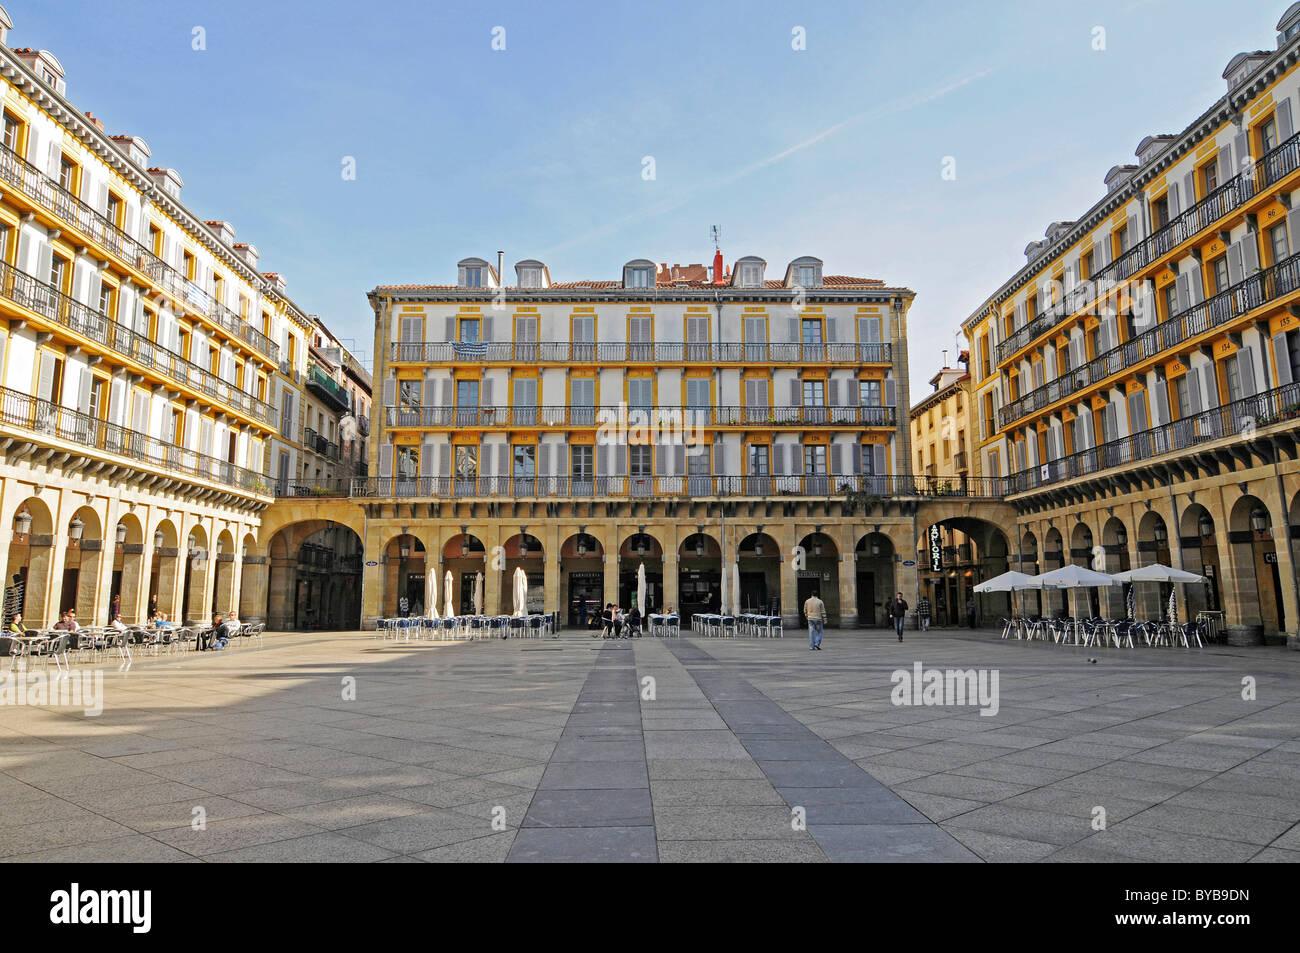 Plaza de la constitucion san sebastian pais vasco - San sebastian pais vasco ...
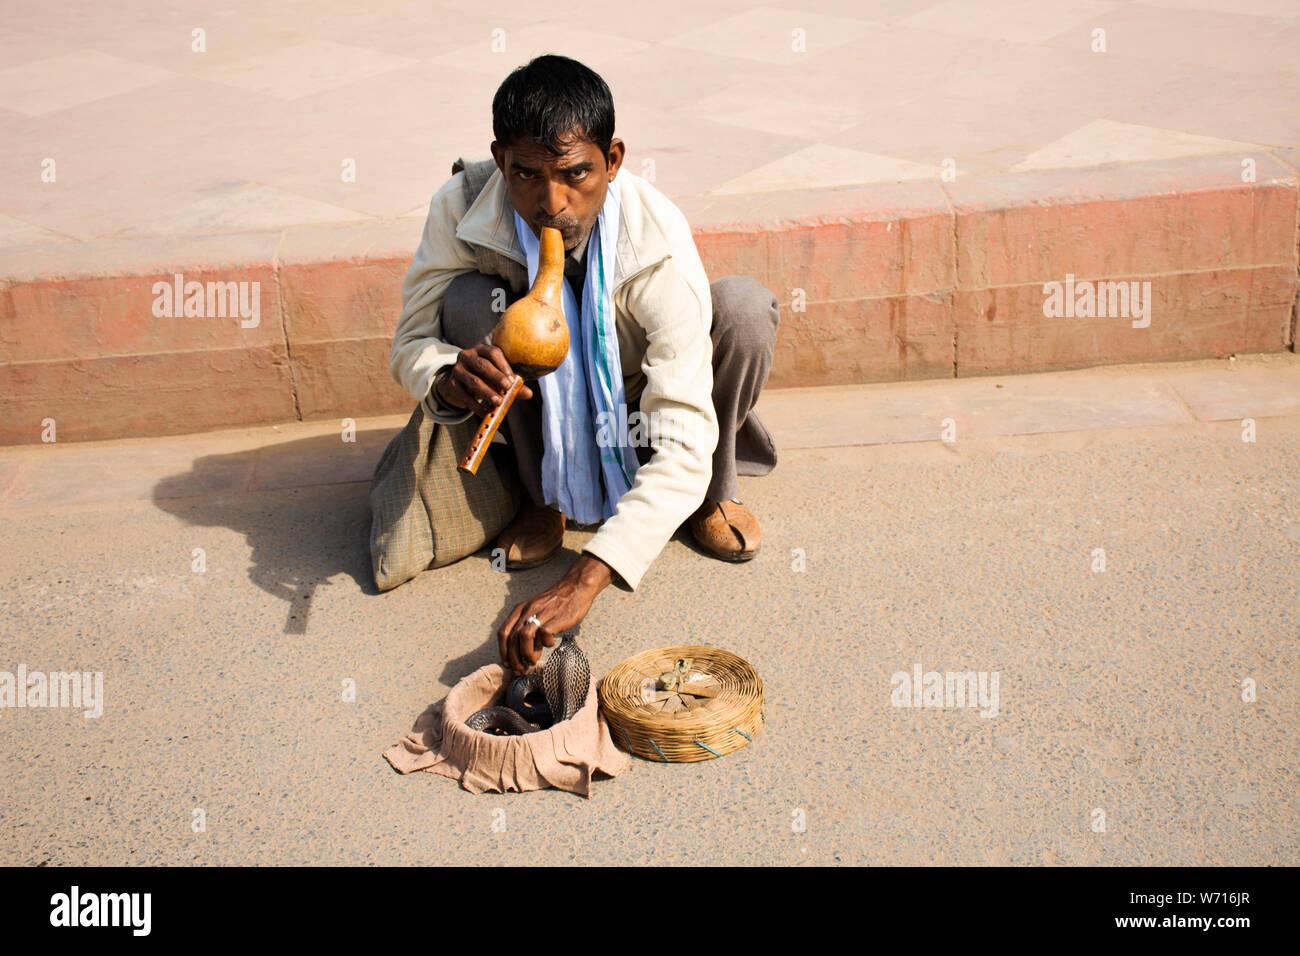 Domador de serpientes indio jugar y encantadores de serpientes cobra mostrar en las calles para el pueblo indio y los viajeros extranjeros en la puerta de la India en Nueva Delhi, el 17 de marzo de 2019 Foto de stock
***
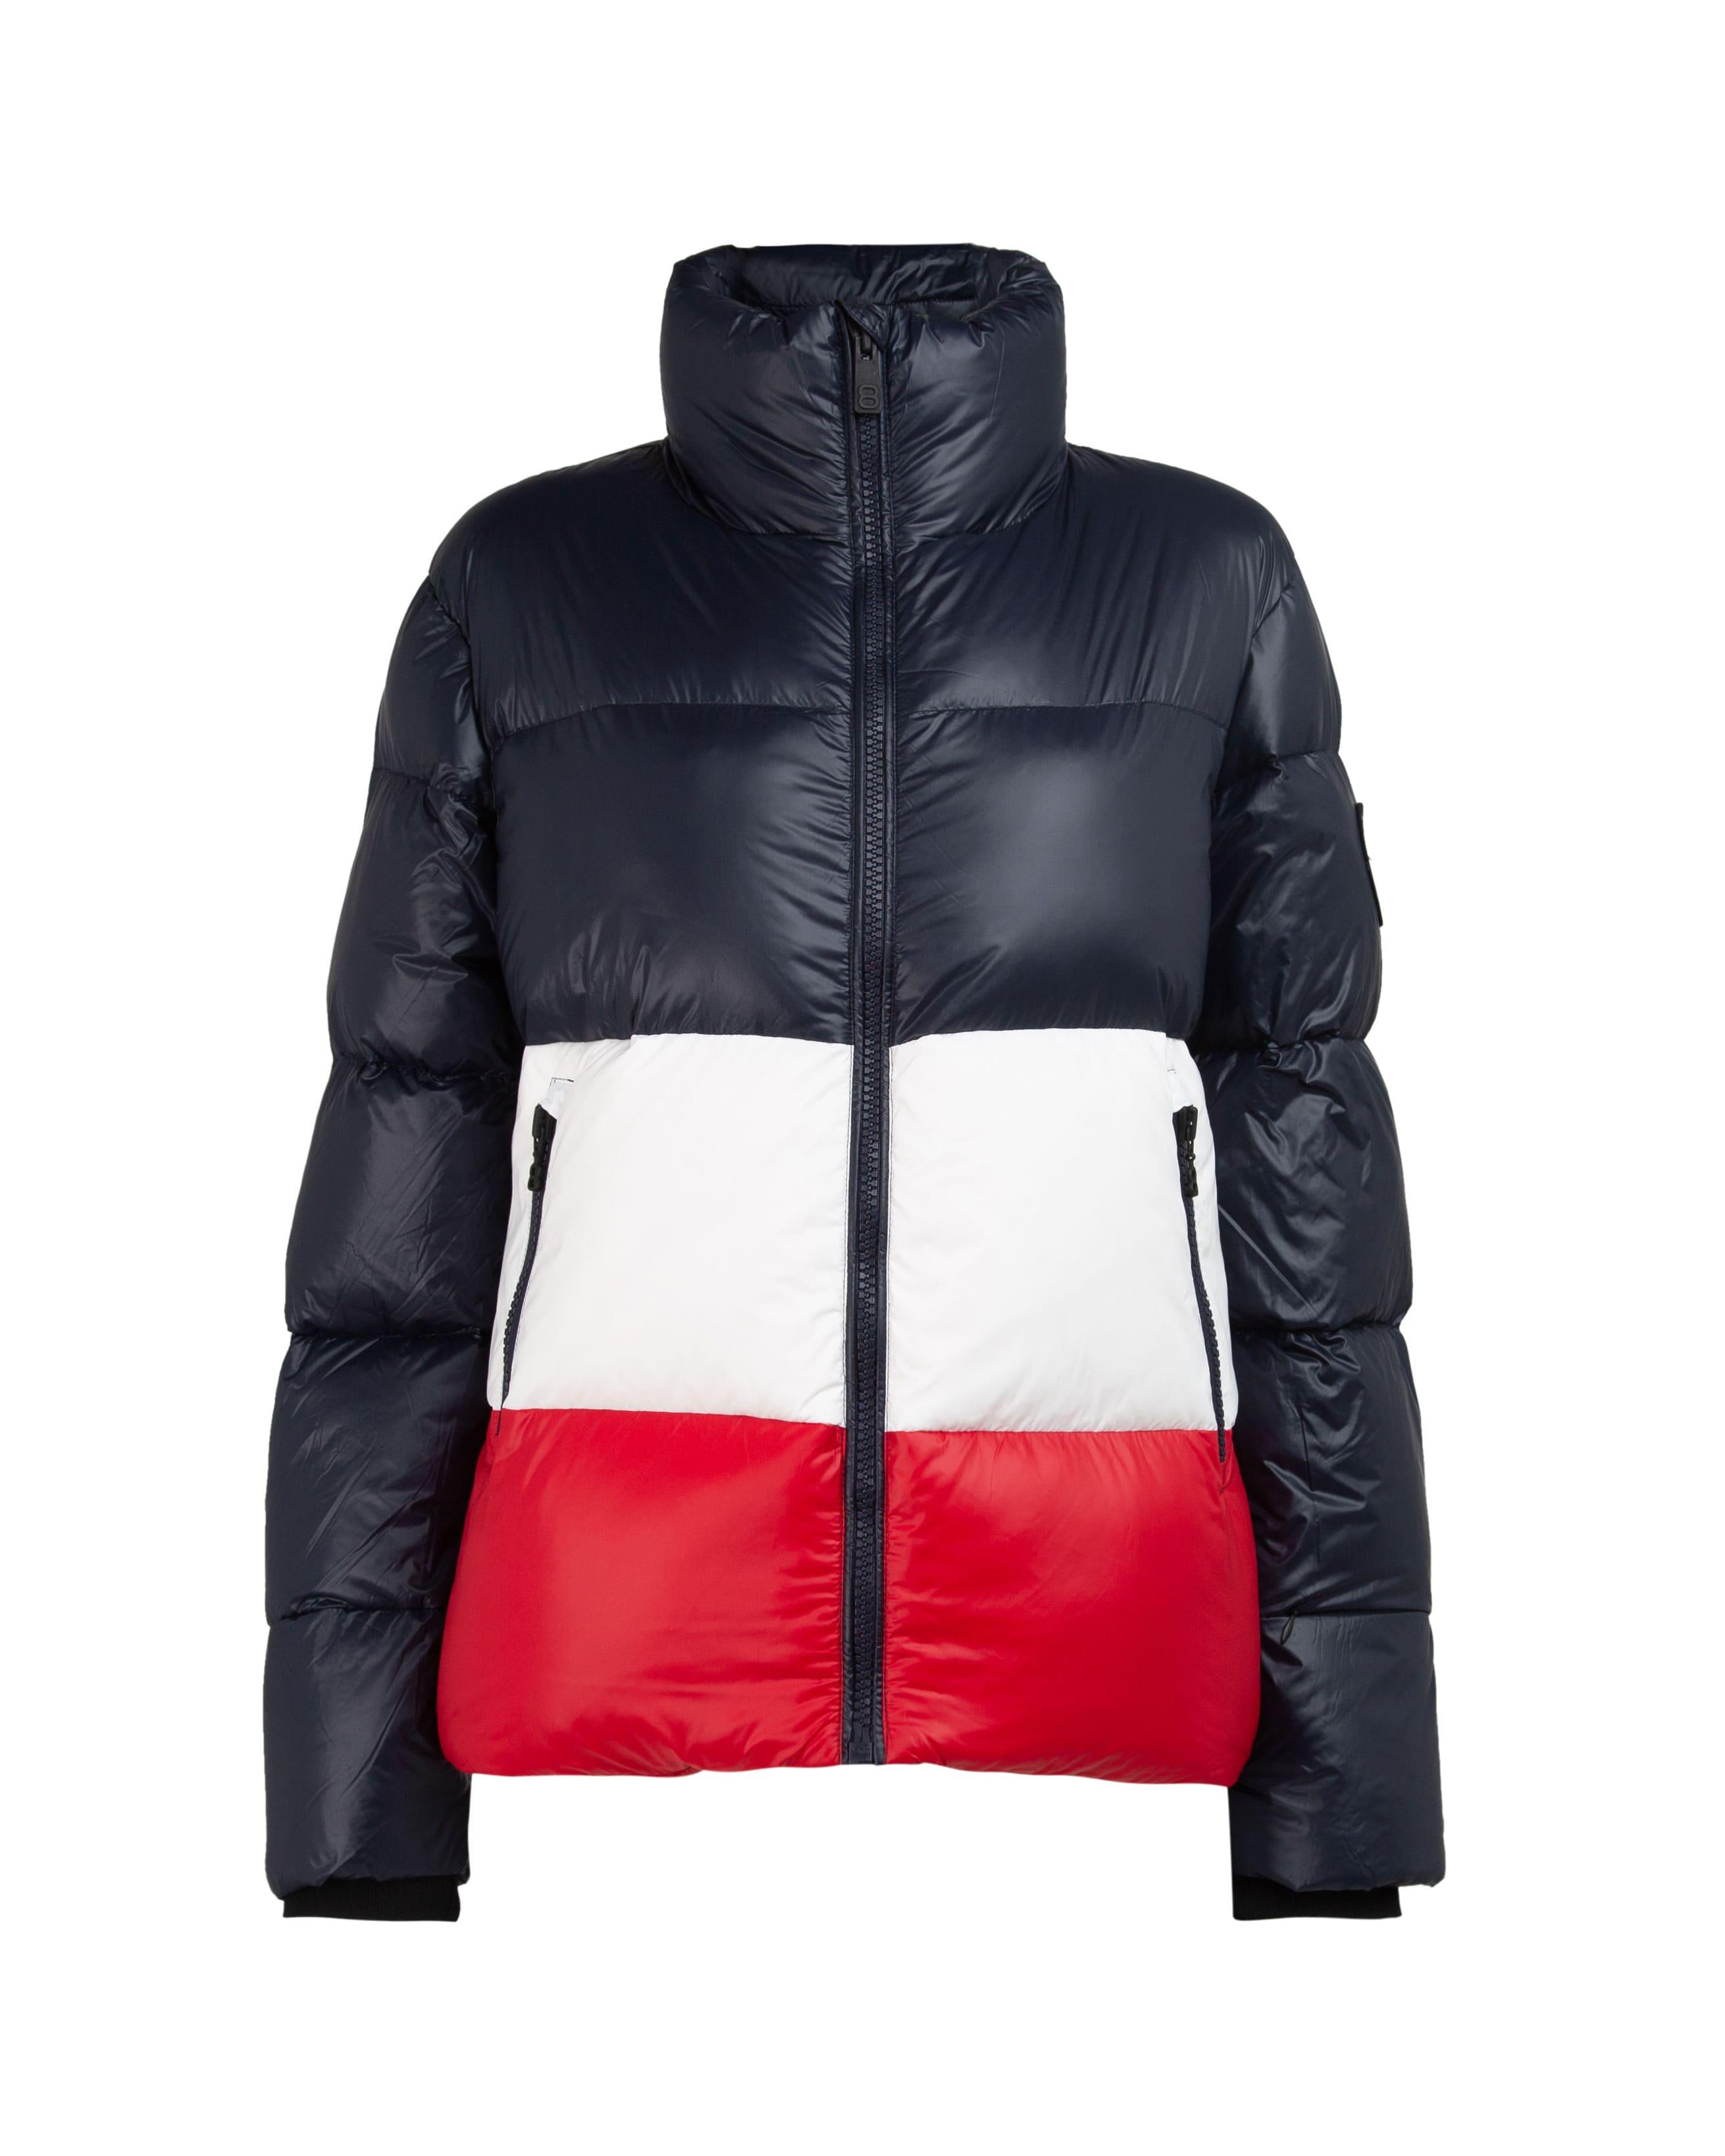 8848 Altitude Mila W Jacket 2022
***
** REQUIREMENT **
Within these entries, output exactly the lines starting at the one with "Plaza de la" and finishing at the one with "Domador de serpientes". Leave pictures out of the output.

** RESPONSE TO THE TASK **
 Plaza de la constitucion san sebastian pais vasco - San sebastian pais vasco ...
 Domador de serpientes indio jugar y encantadores de serpientes cobra mostrar en las calles para el pueblo indio y los viajeros extranjeros en la puerta de la India en Nueva Delhi, el 17 de marzo de 2019 Foto de stock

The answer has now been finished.